1. Field of the Invention
The present invention relates to a connector, and more particularly to a surface mount technology (SMT) type high frequency socket connector that has SMT type terminals soldered on a PCB through SMT soldering processes to reduce total size of the socket connector and raise the utilization rate of the PCB.
2. Description of Related Art
Conventional Universal Serial Bus (USB) 2.0 connectors are used popularly in various electronic devices. Most of computer peripherals are equipped with USB connectors. Because electronic devices are constantly developed to increase transmission speed thereof, the USB 2.0 protocol does not meet the current transmission speed requirement of new electronic devices. Therefore, the USB Implementers Forum sets forth new USB 3.0 protocol for higher data transmission speed.

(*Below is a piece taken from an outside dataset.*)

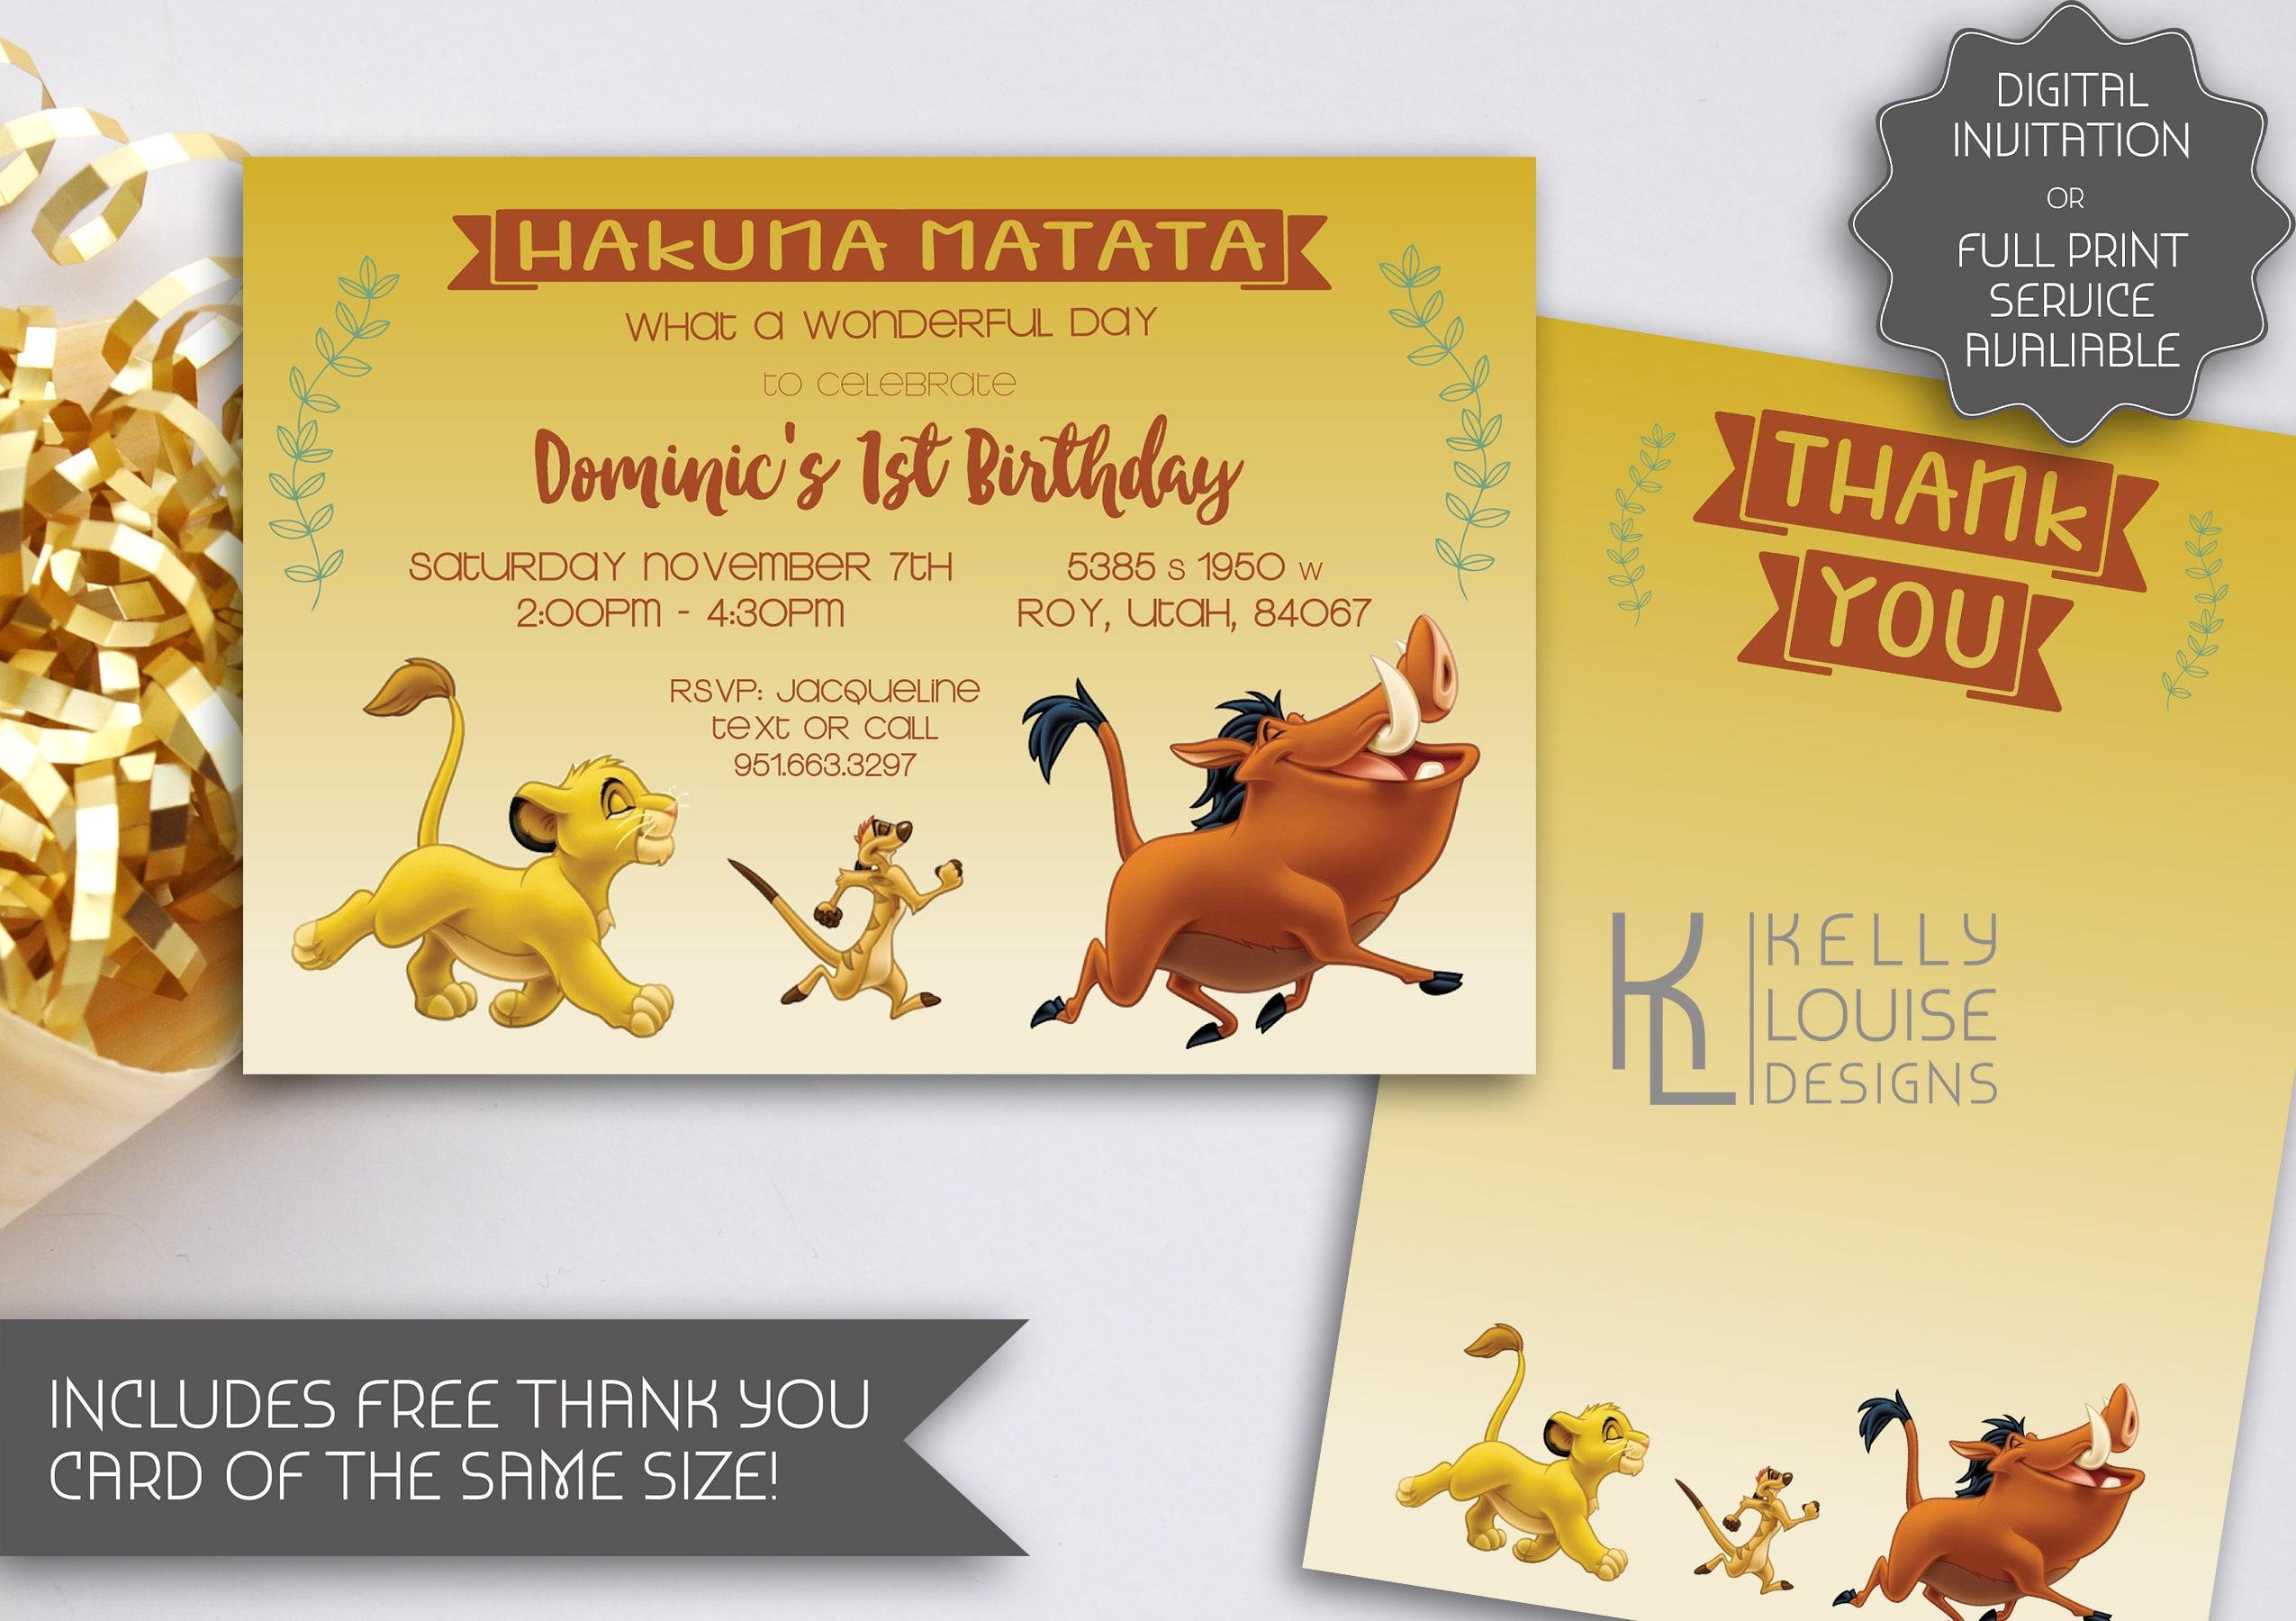 Lion king birthday invitation lion king digital invitation lion lion king birthday invitation lion king digital invitation lion king baby shower lion king party lion king printable invitation 074 filmwisefo

The USB 3.0 protocol is compatible with the USB 2.0 protocol and provides theoretical 5 Gbps of data transmission speed.
Furthermore, different electronic devices such desktops and laptops are connected to each other by cables for data transmission. A conventional cable has two ends, a plug connector and a receptacle connector. The plug and receptacle connectors are mounted respectively in the ends and may be connected to different electronic devices.
However, a USB 3.0 socket connector has two rows of terminals for implementing USB 2.0 or 3.0 protocol alternatively so that the USB 3.0 socket connector has a large size and complicated structures to increase the molding design cost and manufacturing cost. Furthermore, the USB 3.0 socket connector easily fails the high frequency data transmission due to crosstalk between high frequency signal transmission terminals. Moreover, the two rows of the soldering sections occupy more surface areas of a PCB when mounted on the PCB so decreasing the utilization rate of the PCB.
Furthermore, conventional socket connectors are mounted on the PCB through the surface mount technology (SMT) process. The SMT process reduces the size of the socket connector when compared to the through hole technology (THE) process.
However, conventional USB 3.0 socket connectors fail to simultaneously employ the SMT configurations and single row arrangement to the terminals thereof so aforementioned incompact volume and crosstalk problems still remain.
To overcome the shortcomings, the present invention provides a high frequency socket connector to mitigate or obviate the aforementioned problems.